Qu’ont appris des générations d’élèves sur le 5e comte de Selkirk? En substance, qu’il était un philanthrope écossais qui voulait donner une nouvelle chance à des petits paysans chassés par des gros propriétaires qui avaient d’autres vues sur la façon de faire fructifier leur terre. Mais il proposait cette nouvelle vie de colon dans un monde où deux compagnies de fourrures, la Hudsons’s Bay Company et la North West Company, se livraient une impitoyable guerre commerciale. Un contemporain rationnel, pour peu qu’il fût même vaguement conscient de la situation, ne pouvait que conclure que le projet risquait sérieusement de tourner court.

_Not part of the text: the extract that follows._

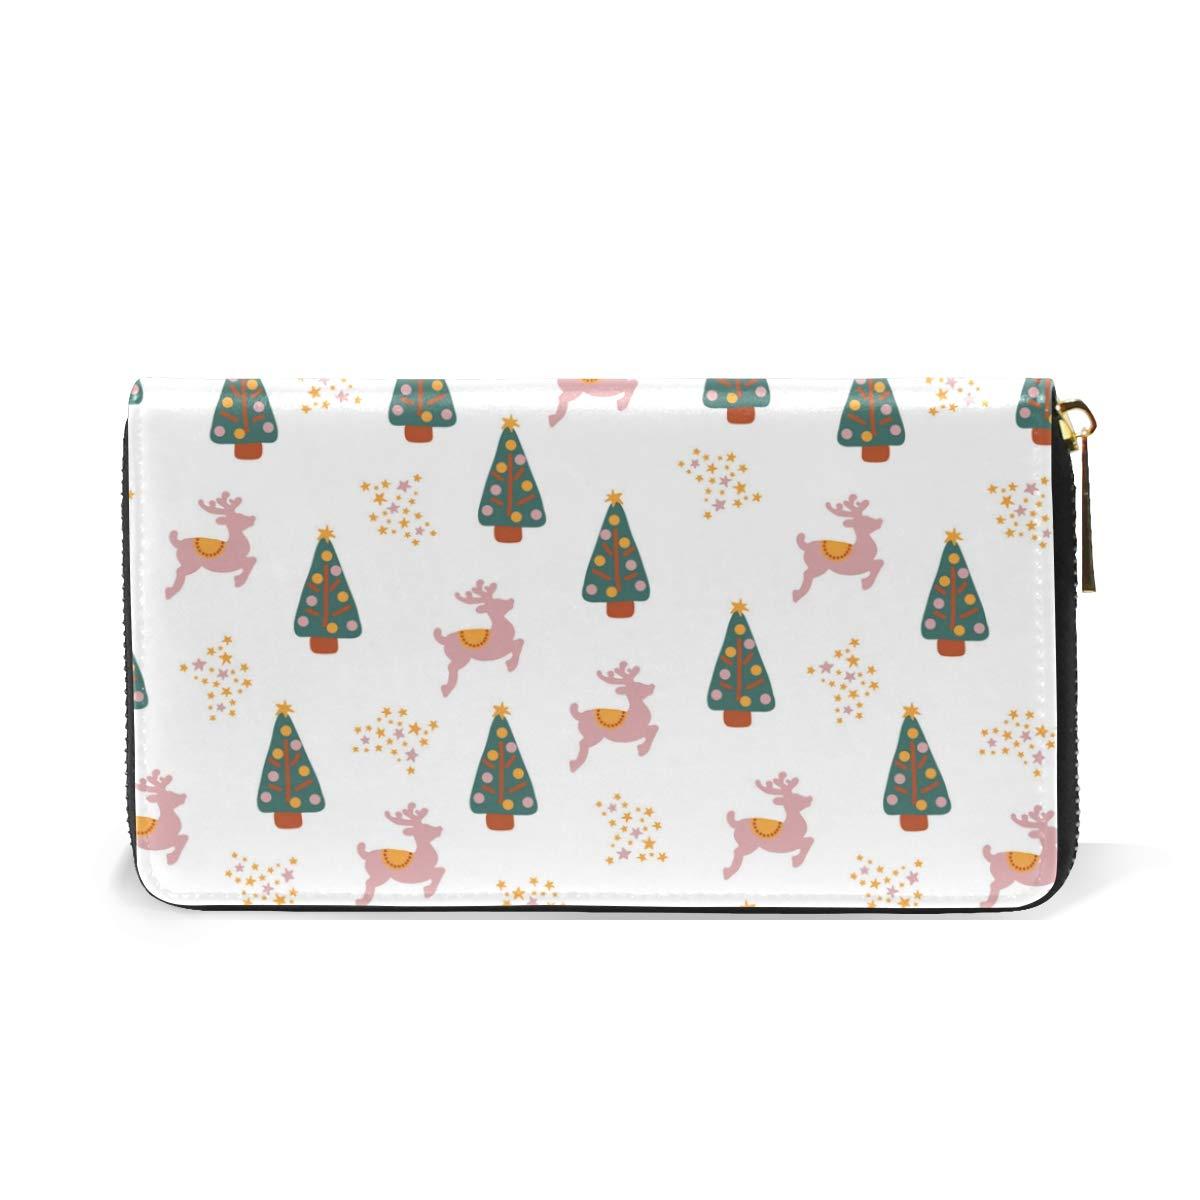 Flock Christmas Tree Real Leather Zip Around Wallet Wristlet minimalist wallet Travel Purse Wristlet

De nos jours, un historien, avec le bénéfice du recul, ne peut que se demander quelle mouche a jadis bien pu piquer le bon Lord. La prudence à laquelle l’historien s’astreint d’habitude l’incite à ne pas trop spéculer sur les motifs qui ont poussé Thomas Douglas (c’est son nom) à s’obstiner dans une si folle aventure. Car son aventure déborde des cadres de la raison raisonnante. Il y aurait bien la piste de la miséricorde. Mais quand l’élan miséricordieux touche aux franges de la folie douce, quel historien est armé pour expliquer pareil comportement avec des mots?

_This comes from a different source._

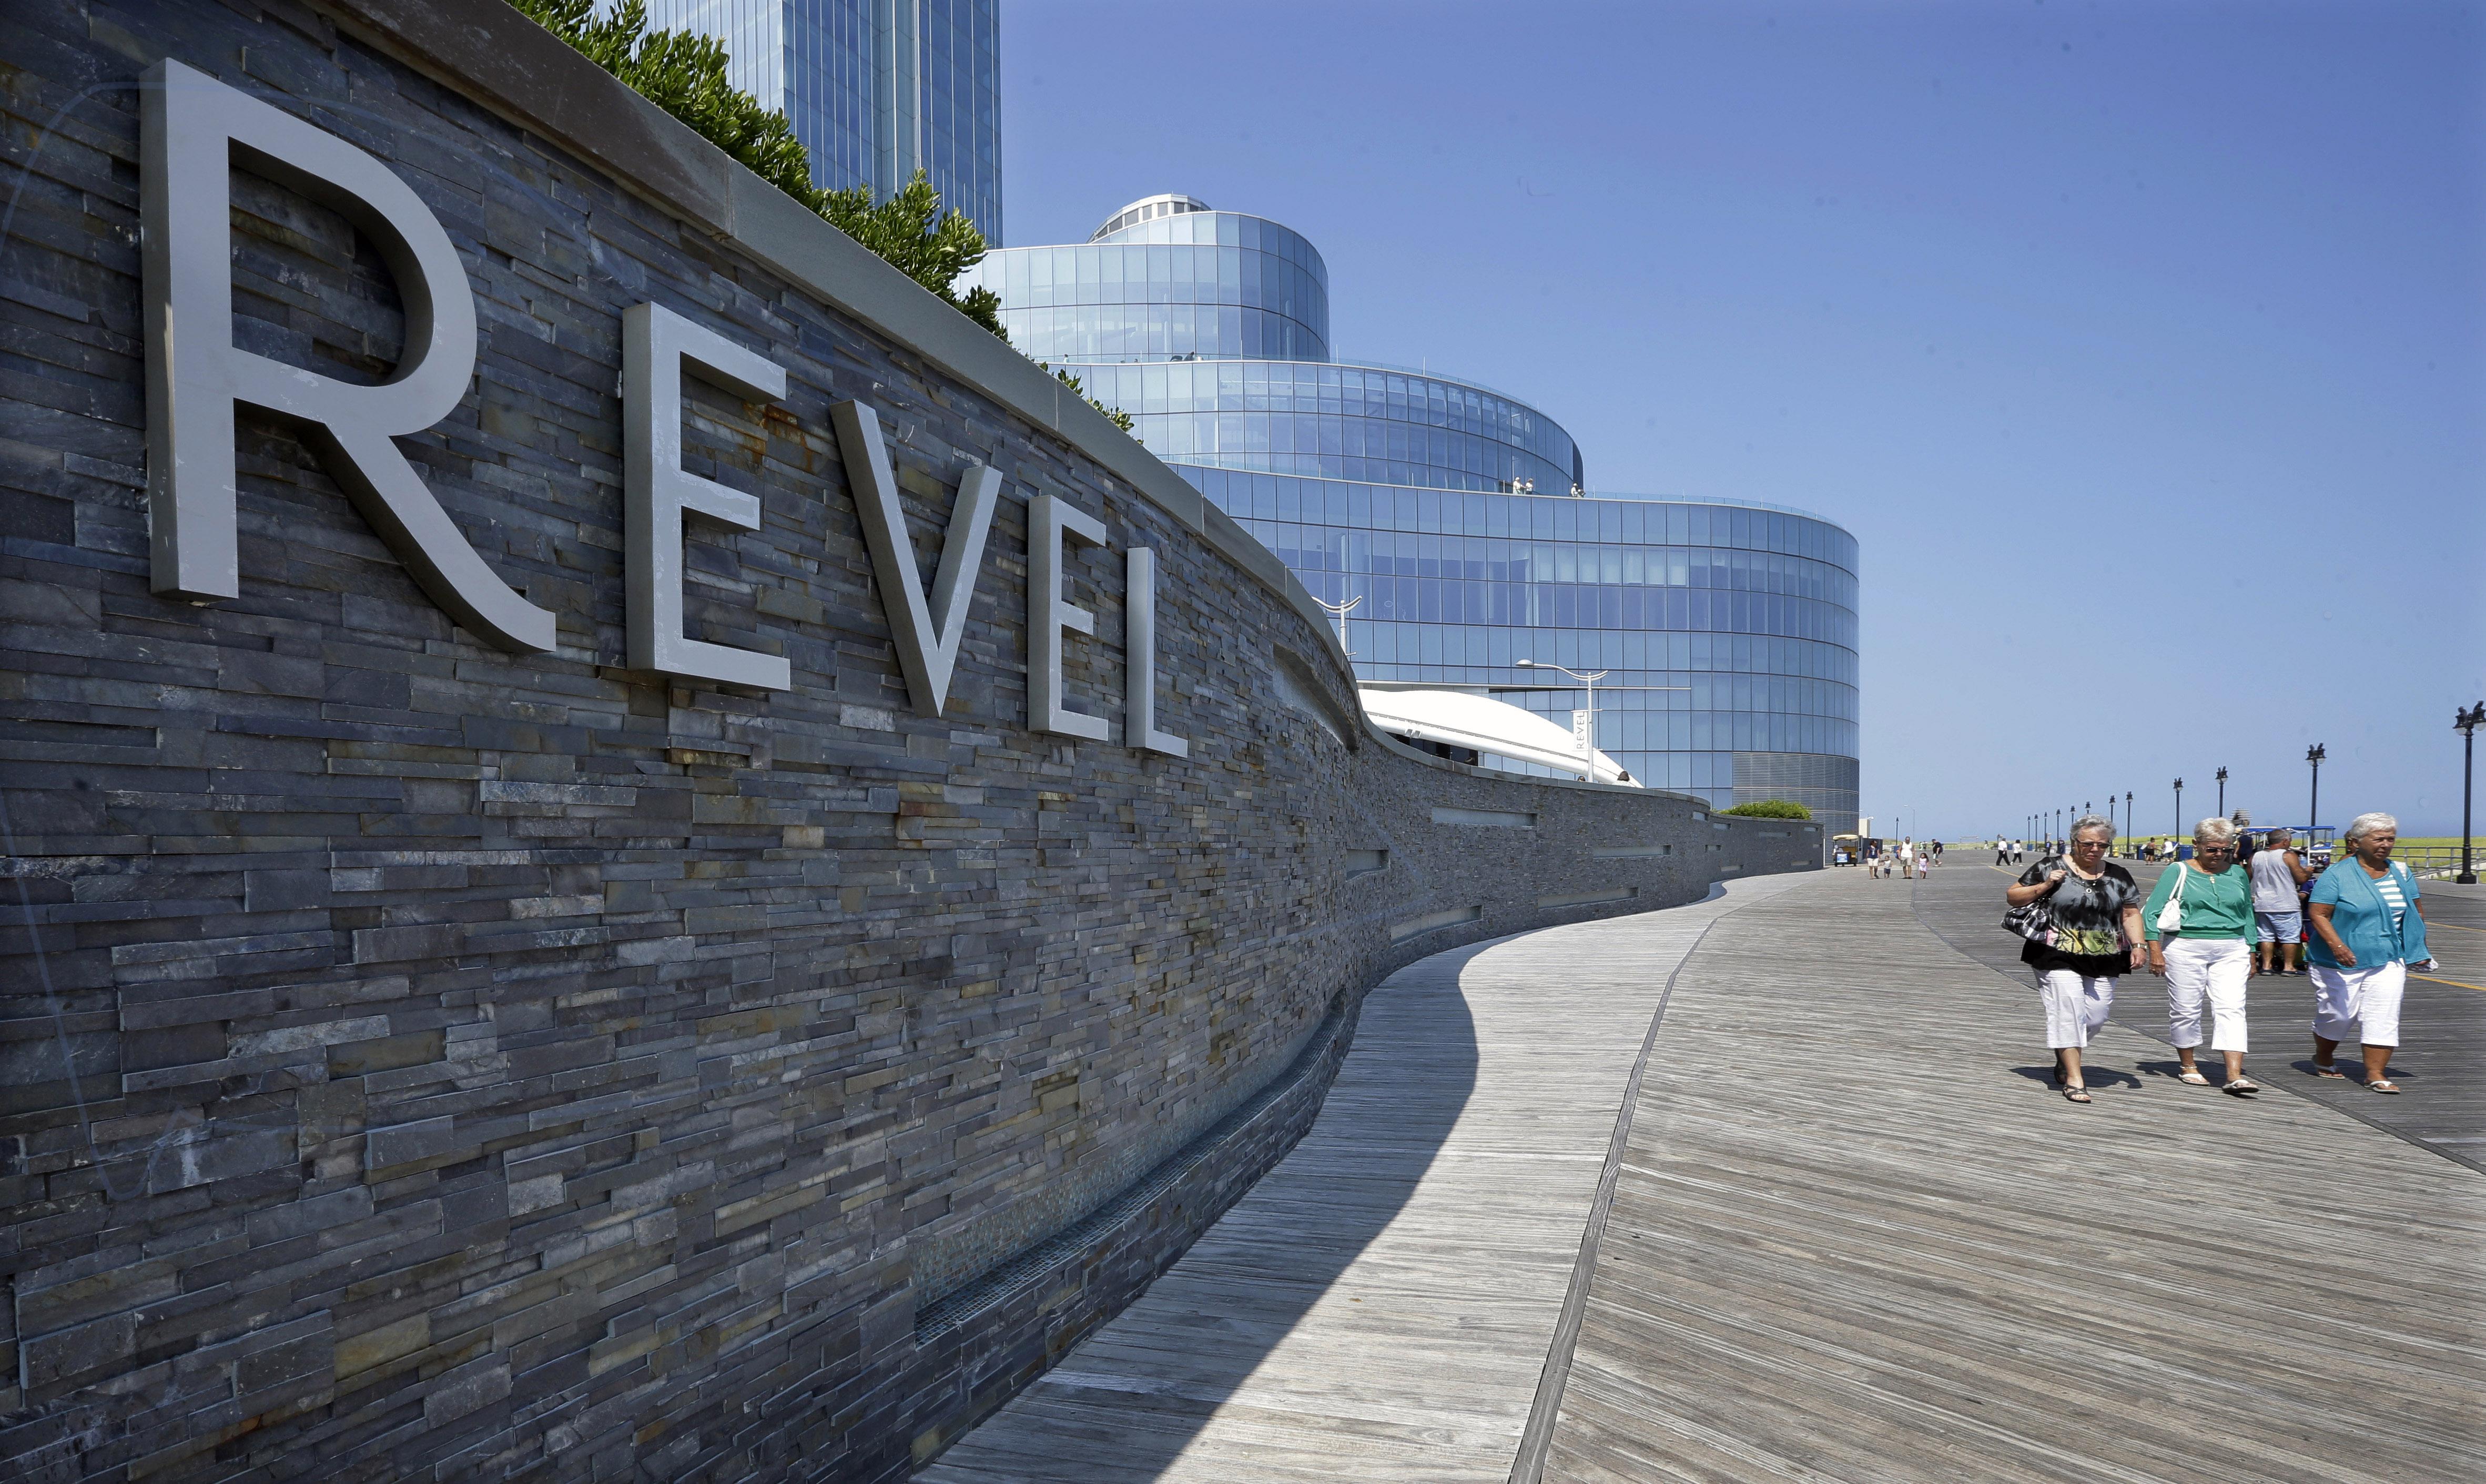 People walk past the Revel Casino Hotel in Atlantic City, N.J. on July 23, 2014.

C’est qu’il est historien, l’historien. Il tient au vernis scientifique qui pare son métier. Il n’est pas hagiographe, rédacteur de vie de saint. Et Selkirk n’aspirait pas à la sainteté. Il avait d’ailleurs marié une femme remarquable, Jean Wedderburn-Colvile, qui sut appuyer son compagnon de vie dans ce qu’il estimait être sa mission.

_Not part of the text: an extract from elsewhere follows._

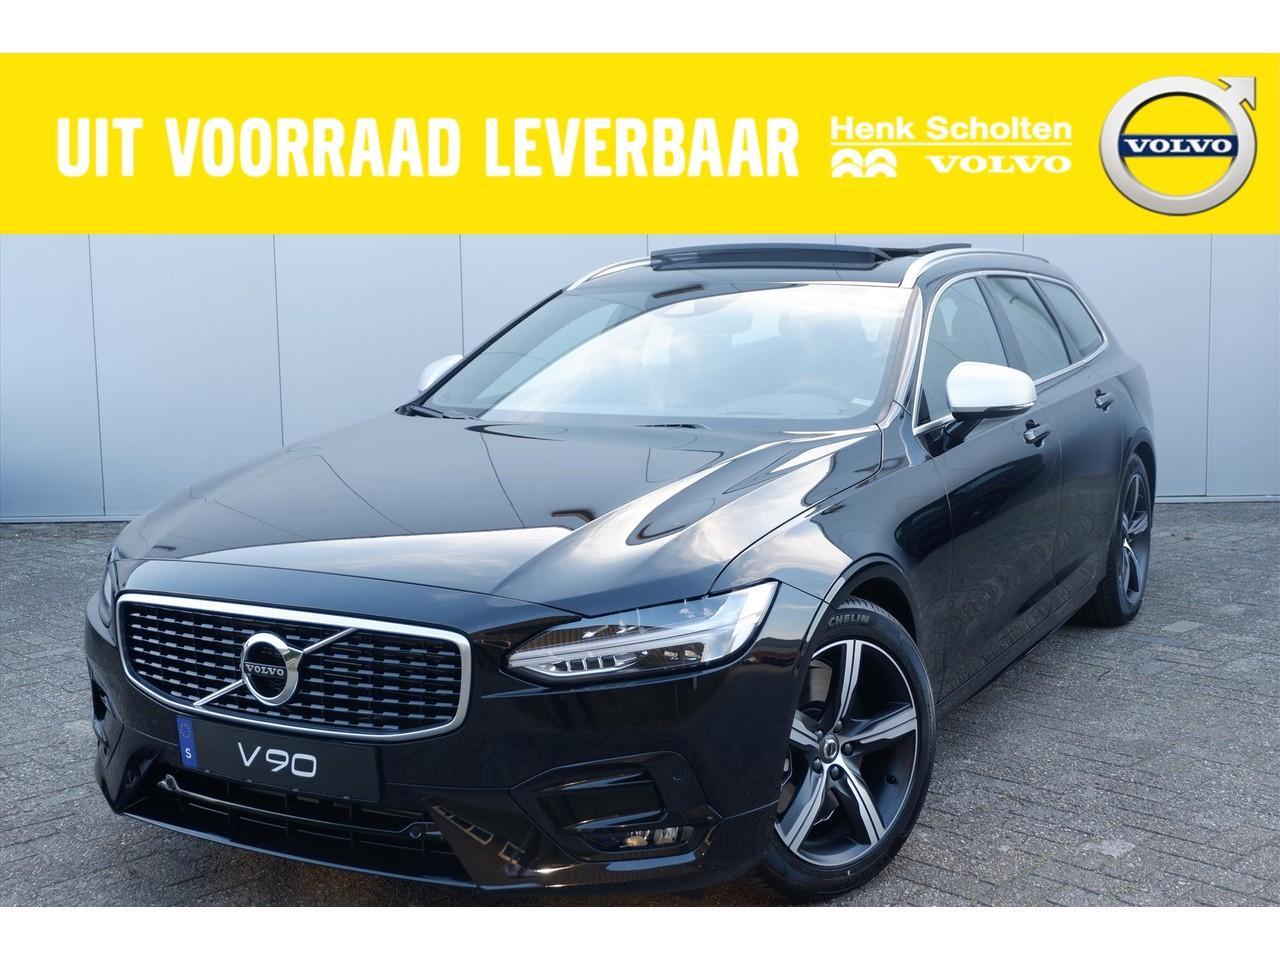 Volvo V90 T4 190pk aut8 business sport/luxury/scandi.

Reconnaissons-le franchement : pour espérer toucher les ressorts secrets de la passion de Lord Selkirk, il faut quitter le récit historique et entrer de plain-pied dans le roman. Thomas Douglas, Jean Wedderburn-Colvile sont des personnages romanesques, plus grand que nature, grâce à l’obstination avec laquelle ils savaient vaincre leurs faiblesses. Merveilleuses figures tragiques qui ont laissé le cadeau suprême au Manitoba : elles ont introduit le germe de l’impossible dans le pays. Impossible Colonie de la Rivière-Rouge, impossible Manitoba des Métis canadiens-français menés par Louis Riel et l’abbé Noël Ritchot.
Il faudra s’en souvenir en 2020, au 150e de la Province du Milieu. En plus de songer au prochain acte impossible. Car le germe de l’impossible est indestructible.
(1) Il faut ici rappeler l’excellent travail des Amis du Upper Fort Garry pour faire revivre d’une façon fort originale le coeur politique et administratif de l’Ouest canadien des années 1820 jusqu’à la création du Manitoba en 1870.
(2) Lord Selkirk était sur place du 21 juin au 9 septembre 1817. La petite histoire souligne qu’il se sentait très bien tout le temps de son séjour, lui qui souffrait d’une grave maladie de poitrine chronique.